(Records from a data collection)
# # # # #

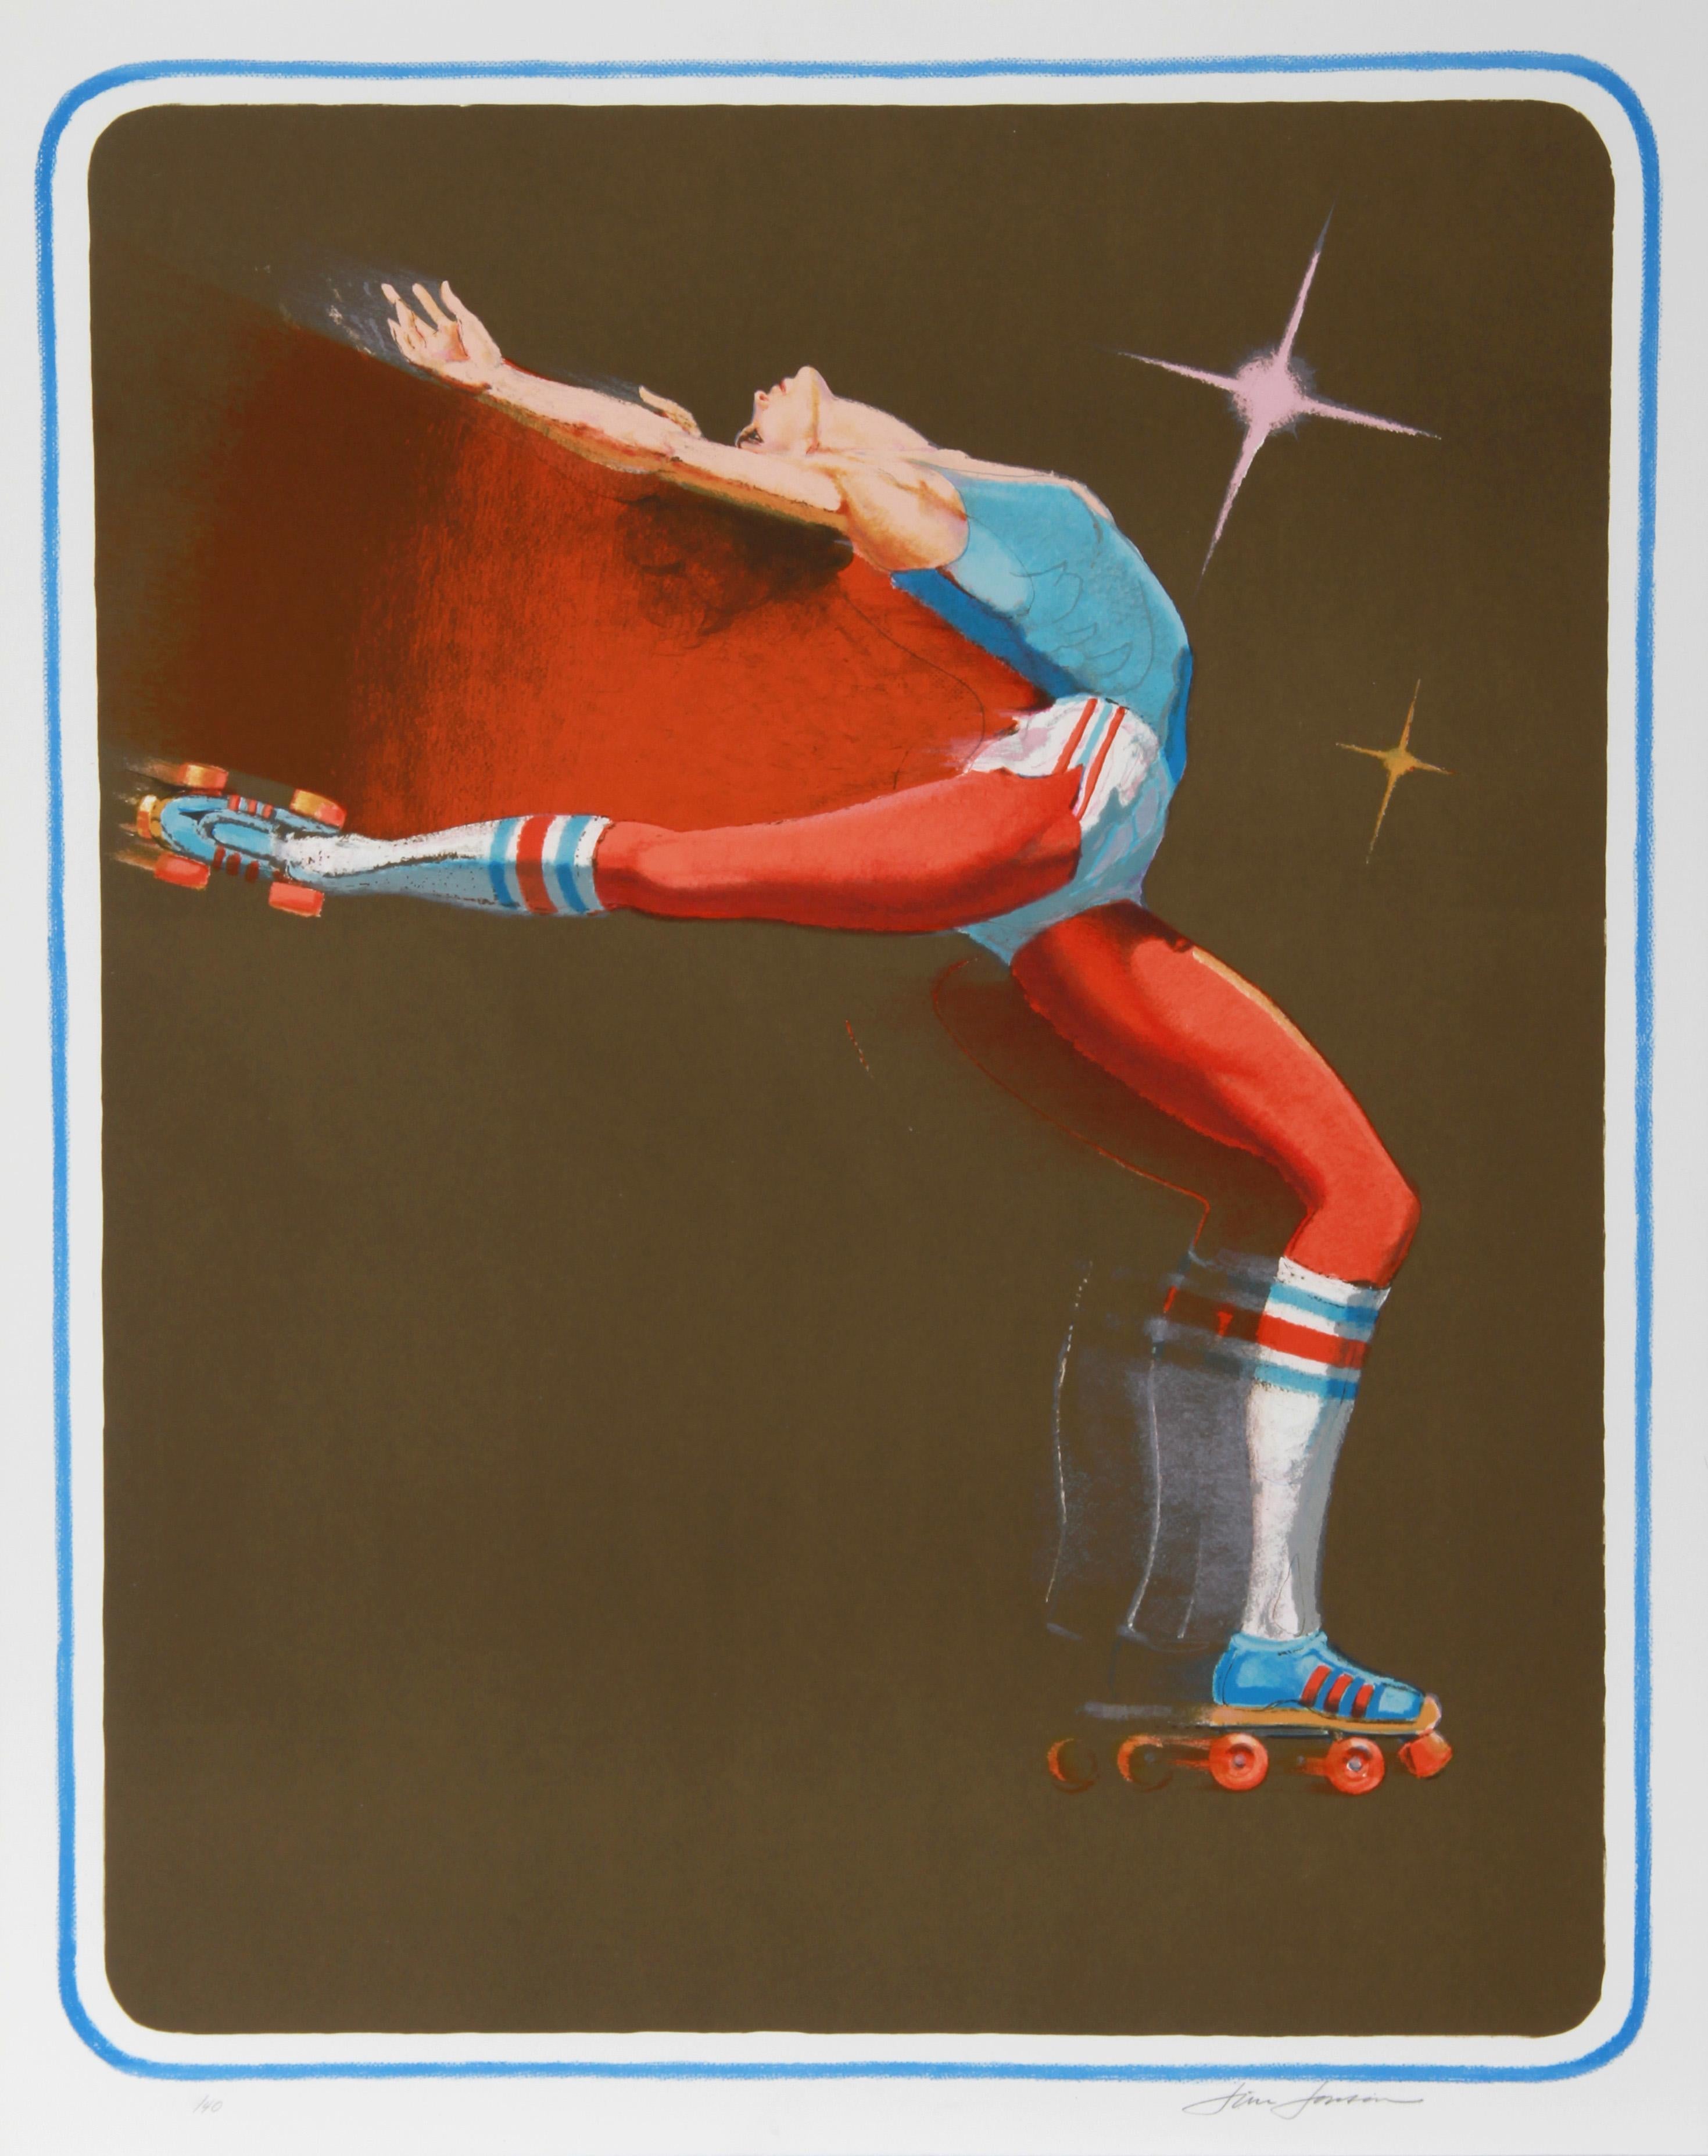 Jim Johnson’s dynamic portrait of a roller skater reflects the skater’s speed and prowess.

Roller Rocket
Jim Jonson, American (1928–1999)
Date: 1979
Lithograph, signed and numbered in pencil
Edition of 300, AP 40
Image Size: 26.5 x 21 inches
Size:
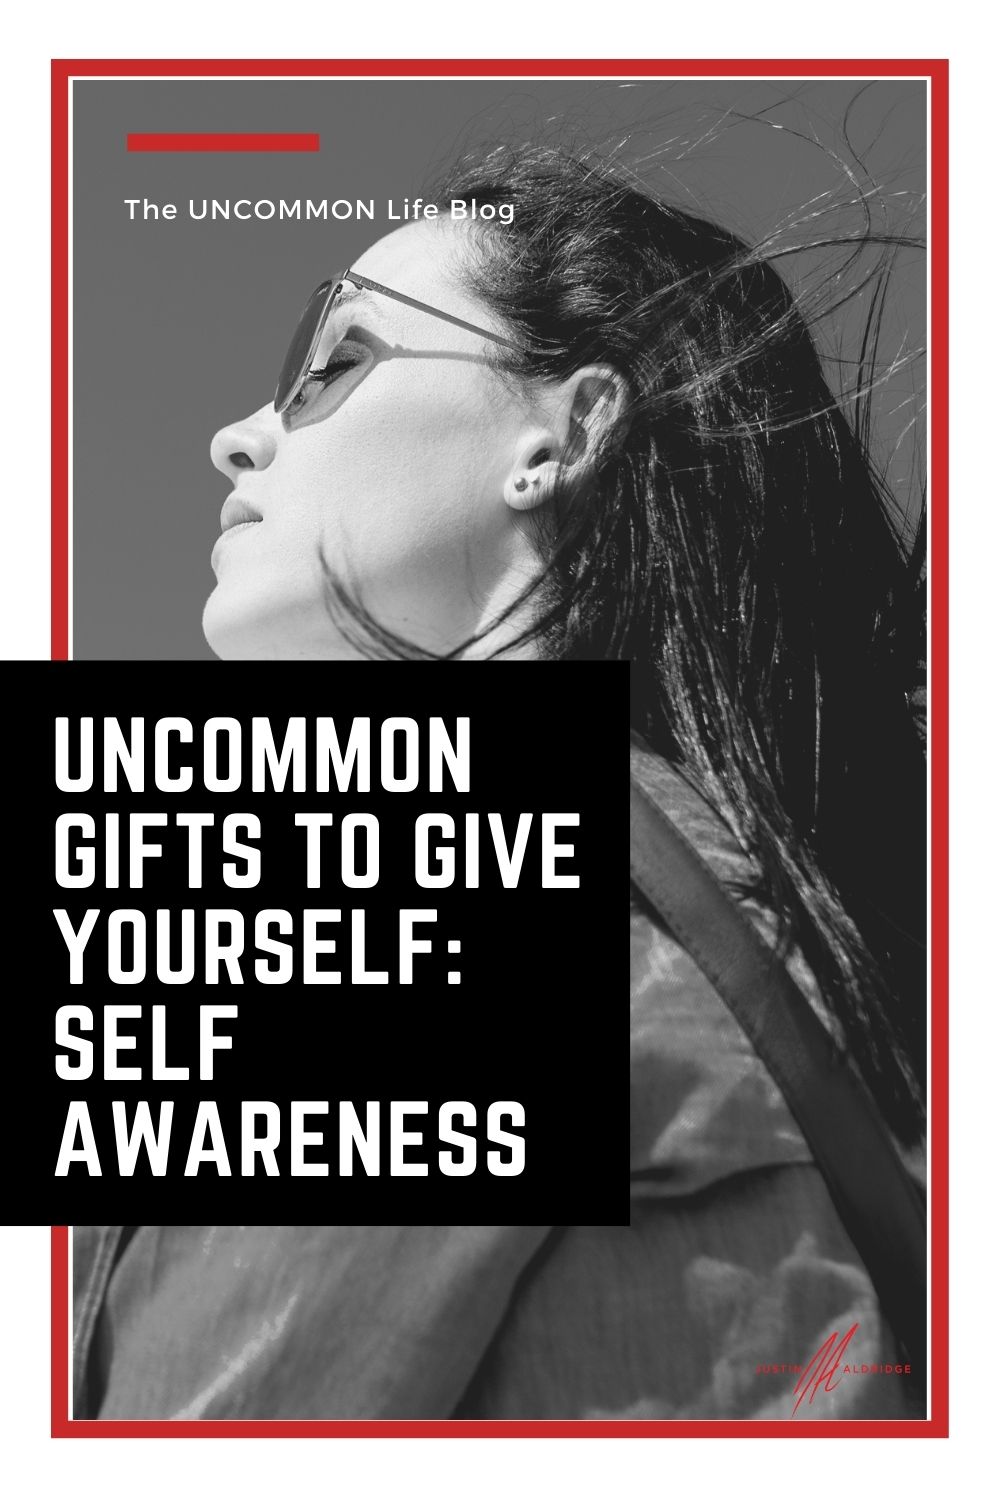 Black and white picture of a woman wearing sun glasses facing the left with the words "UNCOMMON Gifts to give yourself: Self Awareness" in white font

# # # # #

Every line of the data above should be repeated exactly. Omit the pictures.

Written reply:
 Jim Johnson’s dynamic portrait of a roller skater reflects the skater’s speed and prowess.

Roller Rocket
Jim Jonson, American (1928–1999)
Date: 1979
Lithograph, signed and numbered in pencil
Edition of 300, AP 40
Image Size: 26.5 x 21 inches
Size:
 Black and white picture of a woman wearing sun glasses facing the left with the words "UNCOMMON Gifts to give yourself: Self Awareness" in white font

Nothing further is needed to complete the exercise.